== Data shown ==
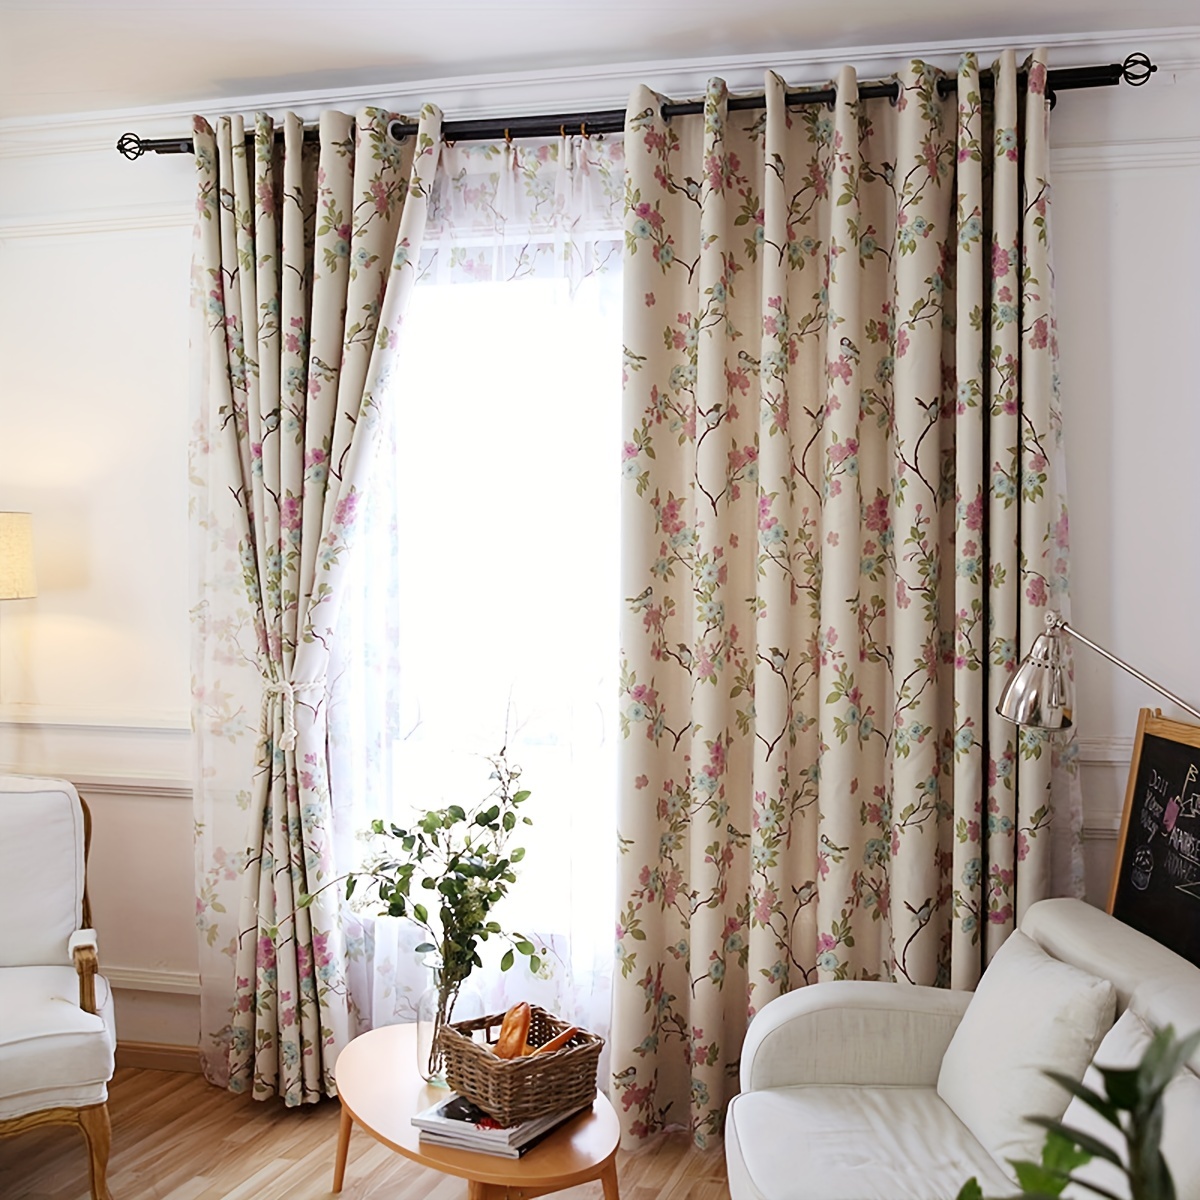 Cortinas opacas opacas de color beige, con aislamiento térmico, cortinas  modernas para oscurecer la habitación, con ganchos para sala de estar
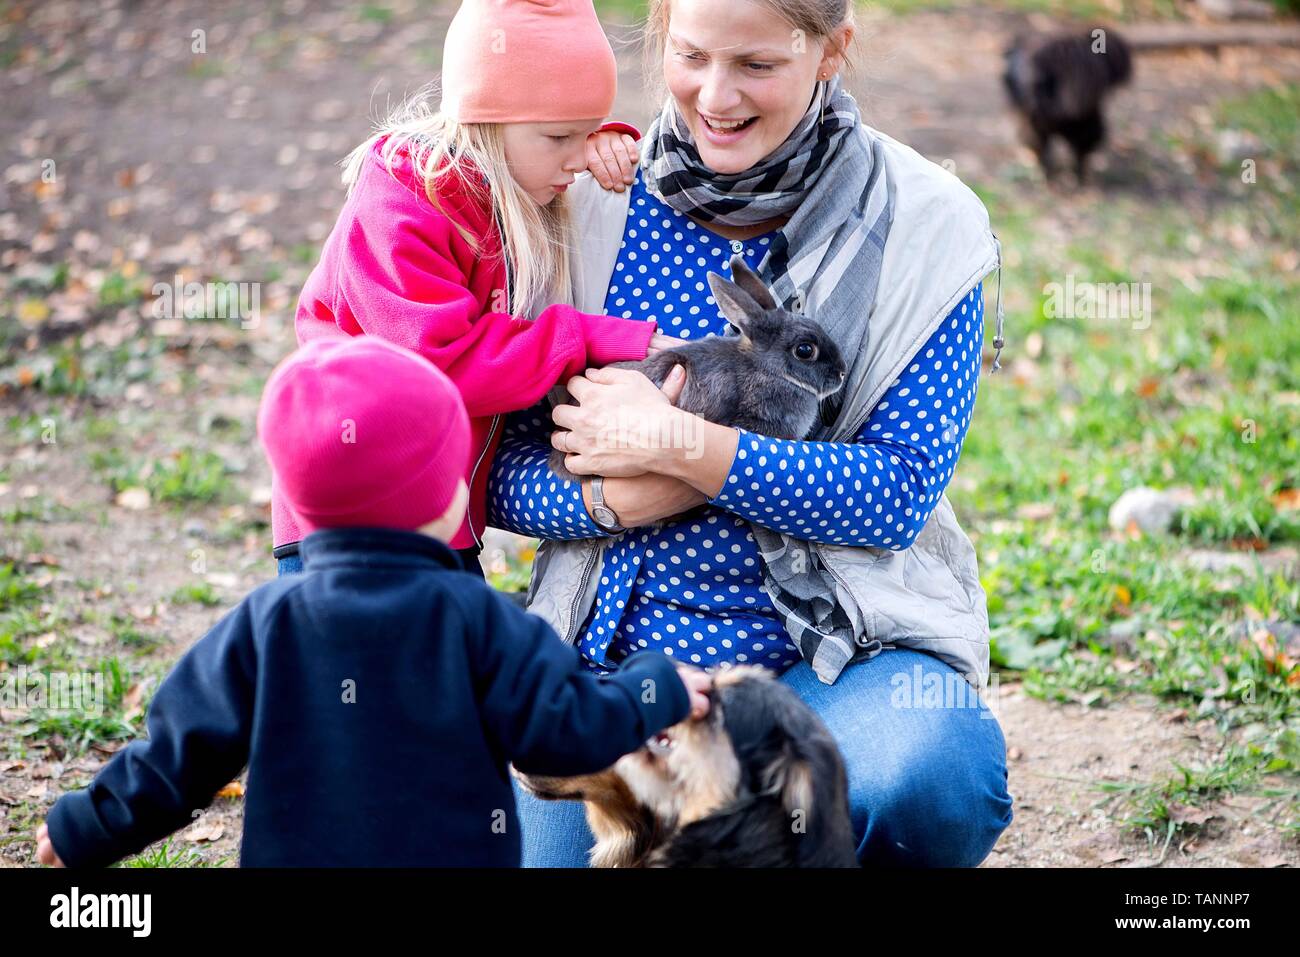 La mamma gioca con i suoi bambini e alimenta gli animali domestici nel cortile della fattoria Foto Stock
--
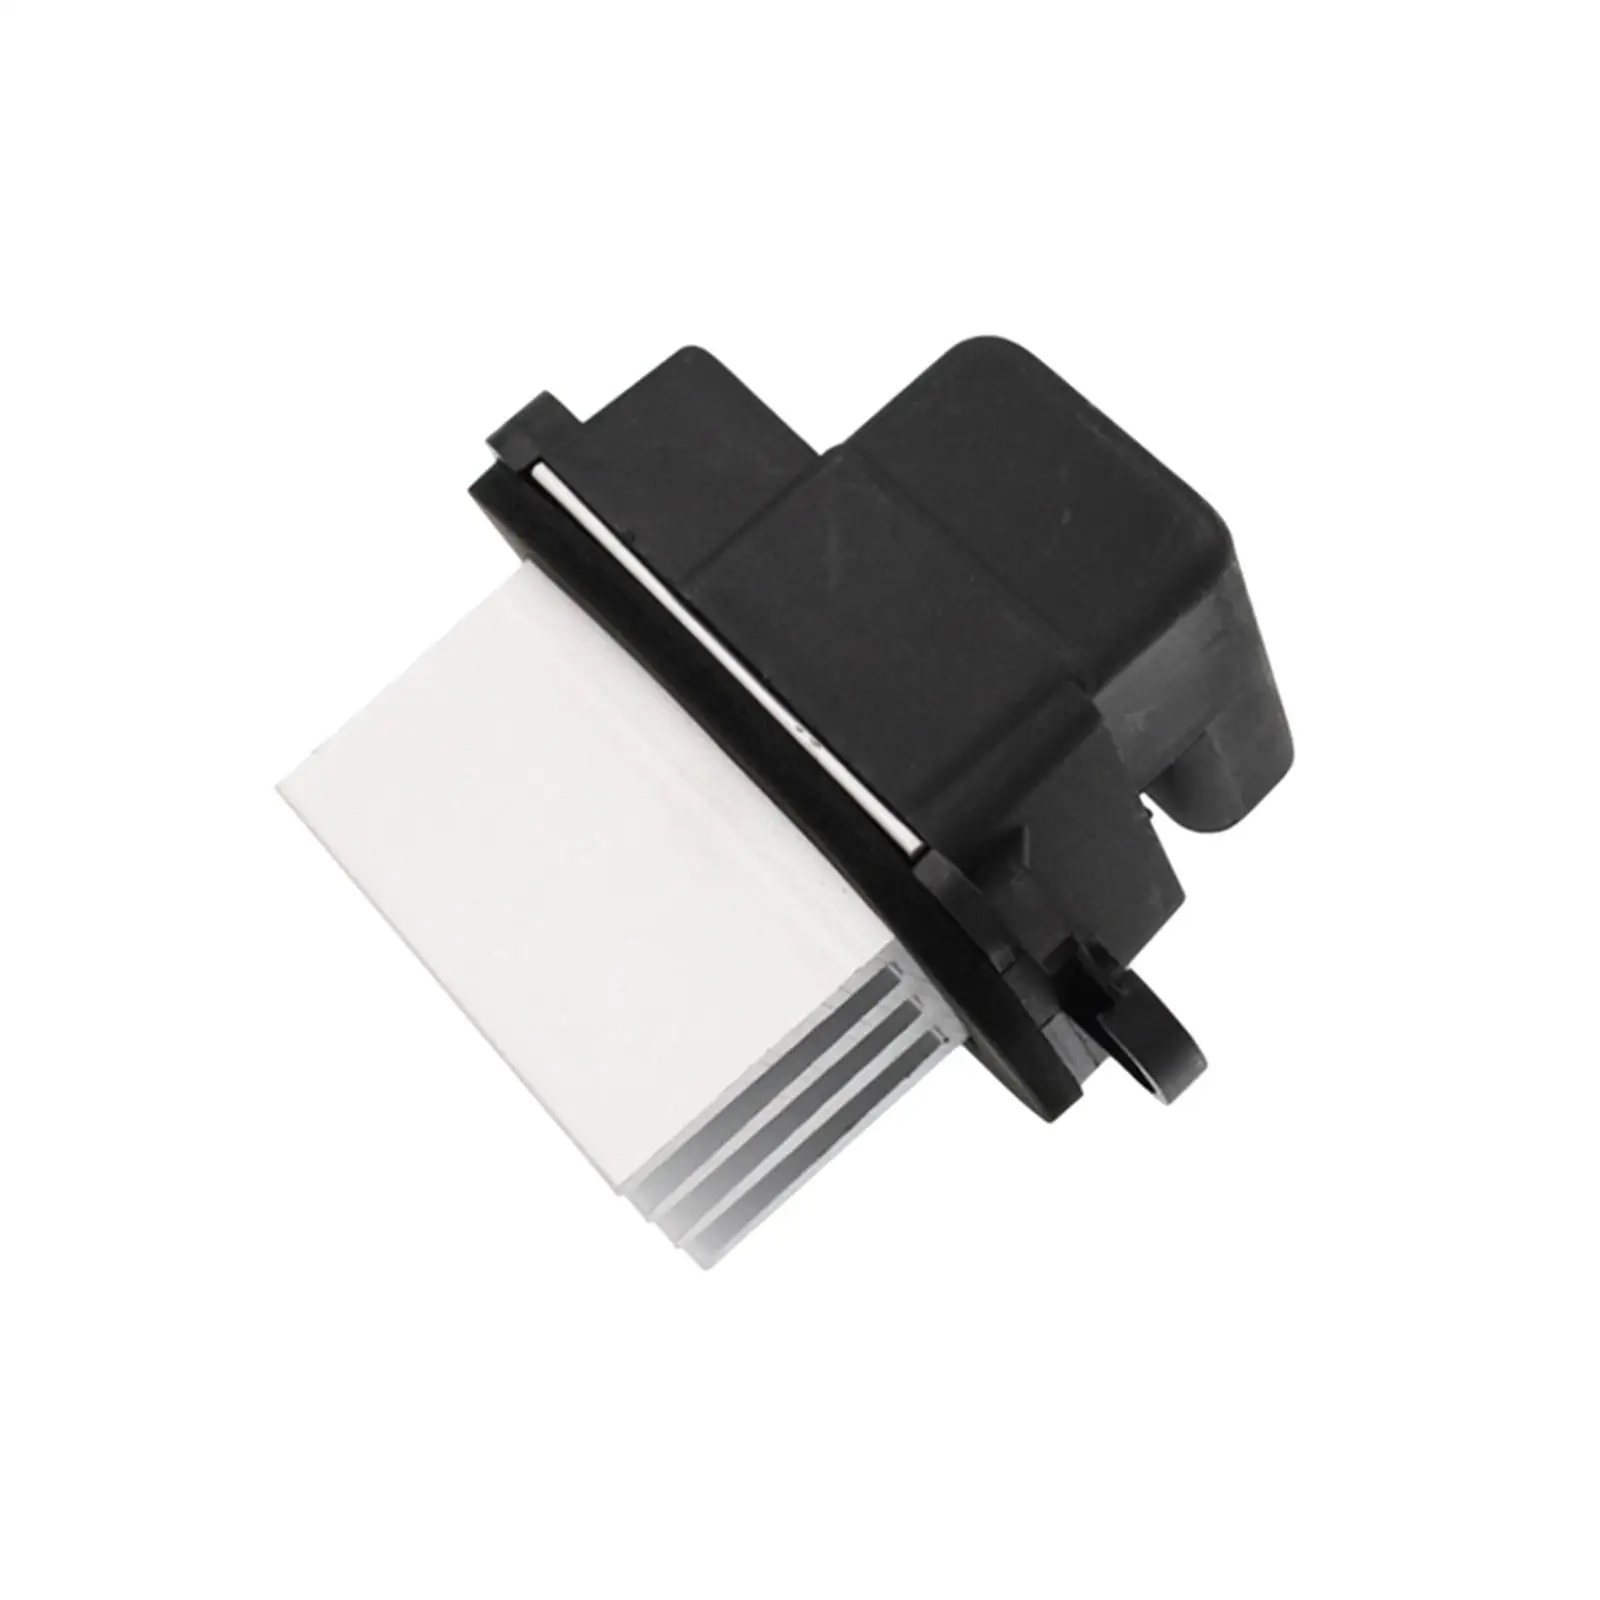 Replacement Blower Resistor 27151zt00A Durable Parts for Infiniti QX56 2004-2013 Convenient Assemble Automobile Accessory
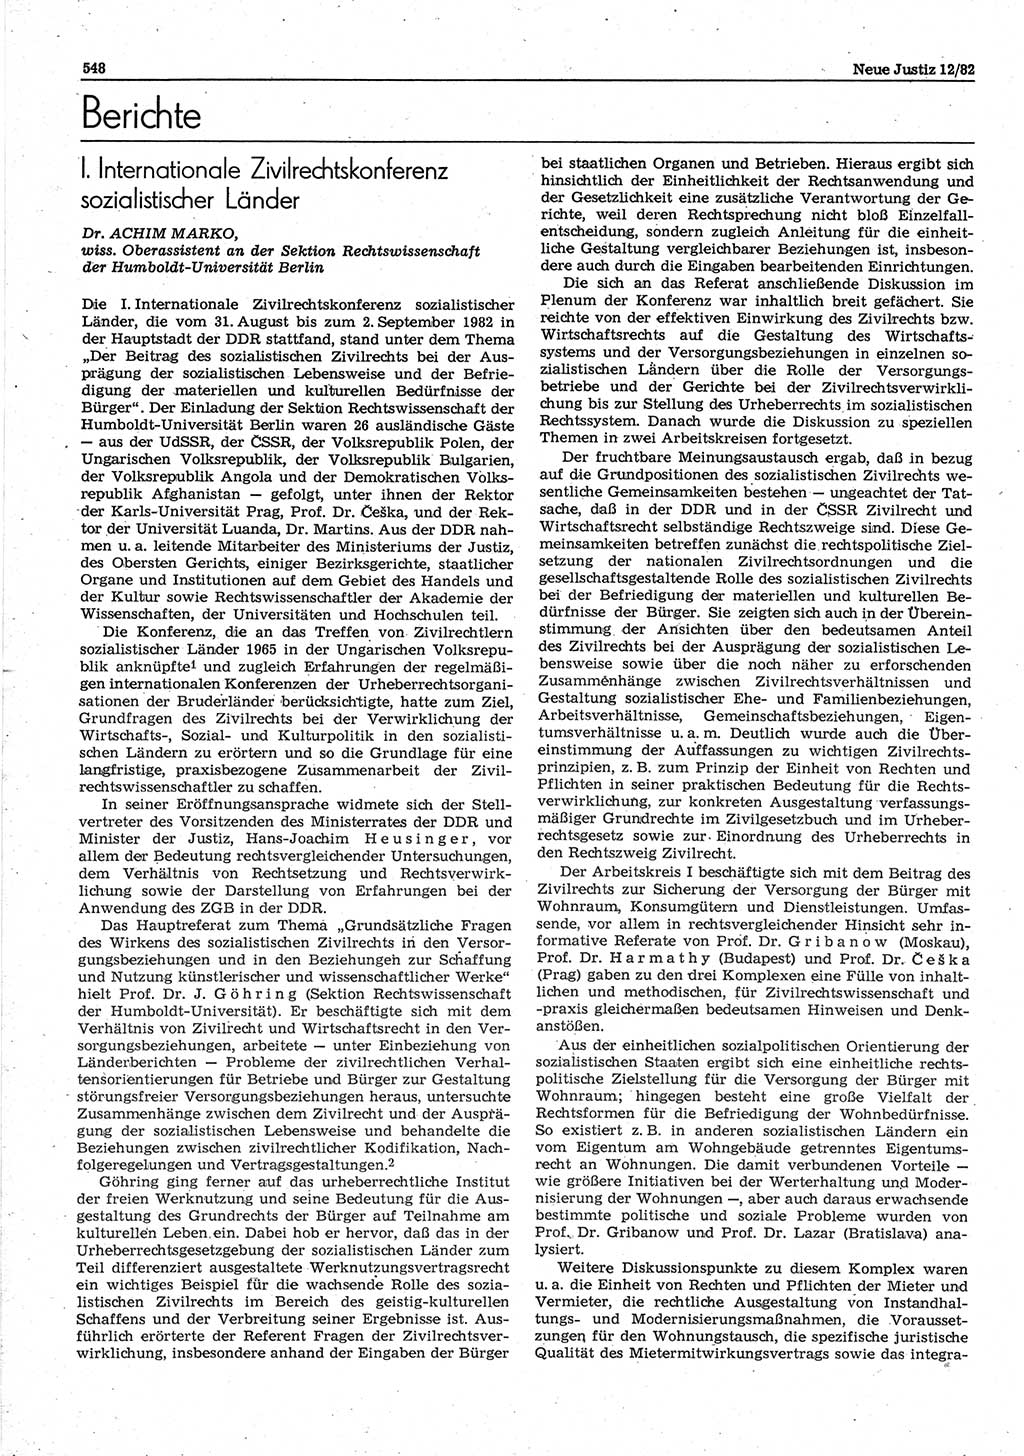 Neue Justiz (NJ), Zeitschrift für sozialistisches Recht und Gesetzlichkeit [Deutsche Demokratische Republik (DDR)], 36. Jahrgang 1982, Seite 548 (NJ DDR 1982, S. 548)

== Prompt ==
Of the lines above, quote exactly those from the one with "Replacement Blower Resistor" through the one with "Neue Justiz (NJ), Zeitschrift", ends included; pictures stay out.

== Solution for this exercise ==
 Replacement Blower Resistor 27151zt00A Durable Parts for Infiniti QX56 2004-2013 Convenient Assemble Automobile Accessory
 Neue Justiz (NJ), Zeitschrift für sozialistisches Recht und Gesetzlichkeit [Deutsche Demokratische Republik (DDR)], 36. Jahrgang 1982, Seite 548 (NJ DDR 1982, S. 548)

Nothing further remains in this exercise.